Regarding claim 9, Liu teaches the method of claim 1, wherein the network is modeled introducing frequency residual connections using wavelet down-sample layers (Liu, “In some embodiments of diffusion model 205, one or more (or all) of the convolutional blocks are replaced with "ResBlocks," or units of a ResNet. A ResNet is a neural network architecture that addresses issues associated with training deep neural networks.”, pg. 3, paragraph 0037, lines 1-5, ).
	
Liu does not teach wherein the network is modeled incorporating original signals Y to different feature pyramids of an encoder.
However, Zeng teaches wherein the network is modeled incorporating original signals Y to different feature pyramids of an encoder (Zeng, “FIG. 10 shows an example of a machine learning model 1000 according to aspects of the present disclosure… Feature pyramid component 1025 generates a text feature pyramid based on the text prompt, the layout information, and the precision level. The text feature pyramid includes a set of text feature maps at a set of scales, respectively… Diffusion model 1030 generates an image based on the text feature pyramid, where the image includes an object corresponding to the element of the text prompt at the target region.”, paragraphs 0126-0131).
Liu teaches a wavelet-driven diffusion model that incorporates the original signal to an encoder (Liu, “Diffusion models work by iteratively adding noise to the data during a forward process and then learning to recover the data by denoising the data during a reverse process. For example, during training, diffusion model 300 may take an original image 305 in a pixel space 310 as input and apply image encoder 315 to convert original image 305 into original image features 320 in a latent space 325.”, pg. 4, paragraph 0048, lines 1-7, see Fig. 3, original image 305, encoder 315, and original image features 320). Liu further teaches embodiments in which text signal inputs are used by the diffusion model (Liu, “The denoising network 340 can also be guided based on a text prompt 360”, pg. 4, paragraph 0052, lines 1-2). Zeng teaches a multi-scale diffusion model that incorporates text signal inputs into different feature pyramids of an encoder for image generation (see above). Before the effective filing date of the claimed invention, it would have been obvious to one of ordinary skill in the art to have modified the wavelet-driven diffusion model of Liu to include feature pyramids as taught by the multi-scale diffusion model of Zeng (Zeng, paragraphs 0126-0131). The motivation for doing so would have been to increase controllability in text-guided image synthesis (as suggested by Liu, “The unconventional steps of constructing a precision-encoded mask pyramid and a subsequent feature map pyramid representation to jointly encode precision level, semantics, and composition information ( e.g., layout information), embodiments of the present disclosure increase controllability in image synthesis using diffusion models.”, pg. 3, paragraph 0035, lines 12-18). Further, one skilled in the art could have combined the elements as described above by known methods with no change in their respective functions, and the combination would have yielded nothing more than predictable results. Therefore, it would have been obvious to combine the teachings of Liu with Zeng to obtain the invention according to claim 9.
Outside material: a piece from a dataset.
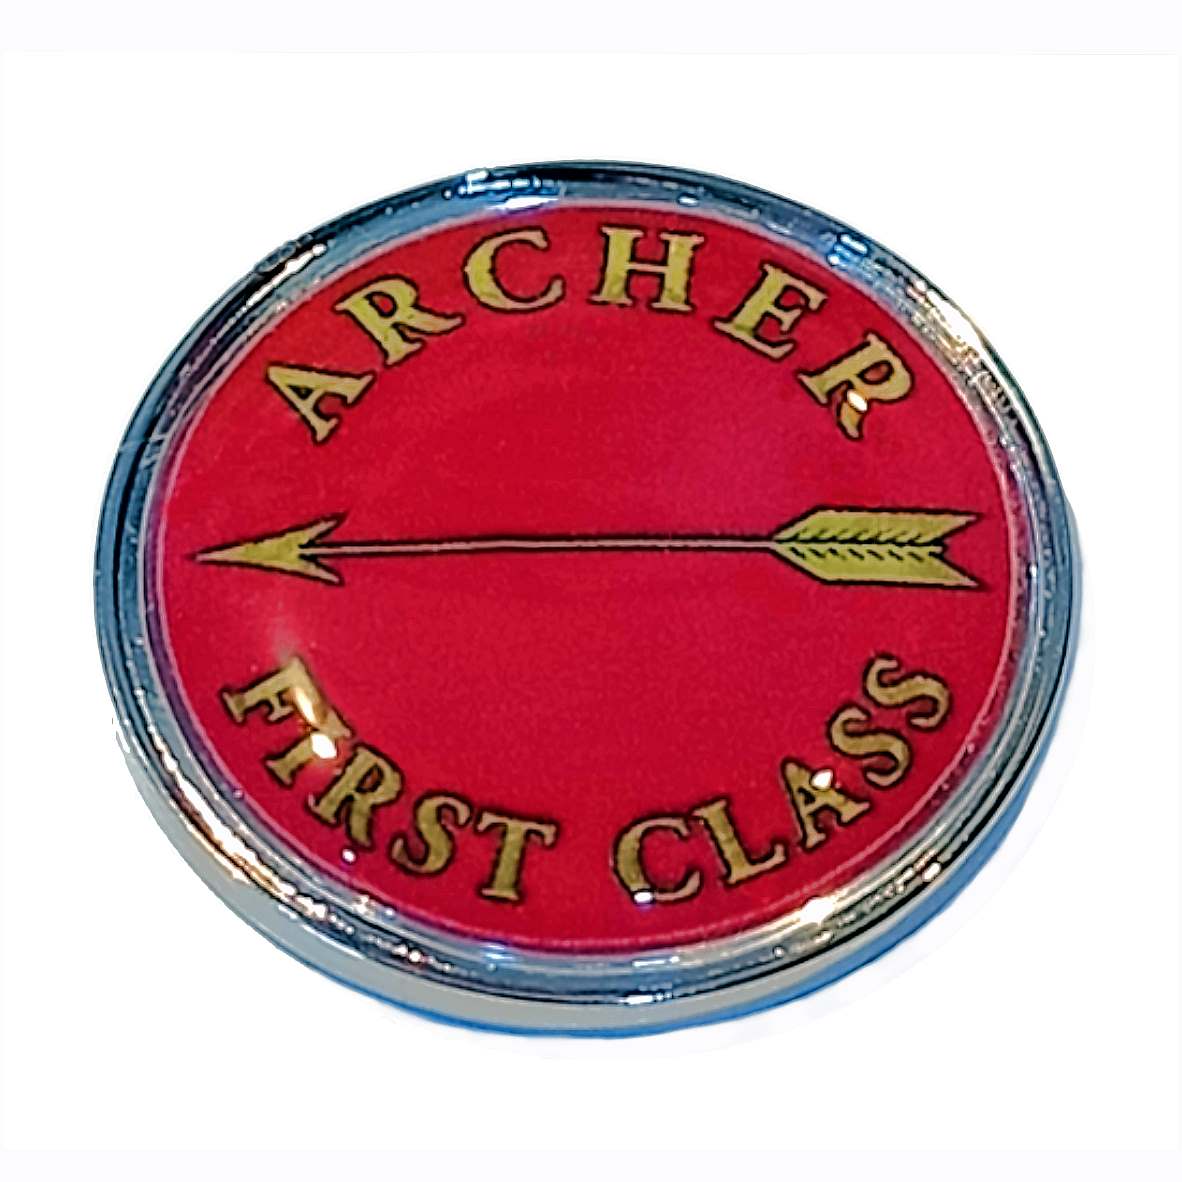 Archer Class standard round badge

Claim 17 corresponds to claim 9, with the addition of a system comprising: a processor; a data bus coupled to the processor; a memory coupled to the data bus; and a computer-usable medium configured to execute the method according to claim 9. Liu in view of Zeng teaches the addition of a system comprising: a processor; a data bus coupled to the processor; a memory coupled to the data bus; and a computer-usable medium (see analysis of claim 10) configured to execute the method according to claim 9. As indicated in the analysis of claim 9, Liu in view of Zeng teaches all the limitations according to claim 9.  Therefore, claim 17 is rejected for the same reasons of obviousness as claim 9.

Conclusion
Any inquiry concerning this communication or earlier communications from the examiner should be directed to CONNOR LEVI HANSEN whose telephone number is (703)756-5533. The examiner can normally be reached Monday-Friday 9:00-5:00 (ET).
Examiner interviews are available via telephone, in-person, and video conferencing using a USPTO supplied web-based collaboration tool. To schedule an interview, applicant is encouraged to use the USPTO Automated Interview Request (AIR) at http://www.uspto.gov/interviewpractice.
If attempts to reach the examiner by telephone are unsuccessful, the examiner’s supervisor, Sumati Lefkowitz can be reached at (571) 272-3638. The fax phone number for the organization where this application or proceeding is assigned is 571-273-8300.
Information regarding the status of published or unpublished applications may be obtained from Patent Center. Unpublished application information in Patent Center is available to registered users. To file and manage patent submissions in Patent Center, visit: https://patentcenter.uspto.gov. Visit https://www.uspto.gov/patents/apply/patent-center for more information about Patent Center and https://www.uspto.gov/patents/docx for information about filing in DOCX format. For additional questions, contact the Electronic Business Center (EBC) at 866-217-9197 (toll-free). If you would like assistance from a USPTO Customer Service Representative, call 800-786-9199 (IN USA OR CANADA) or 571-272-1000.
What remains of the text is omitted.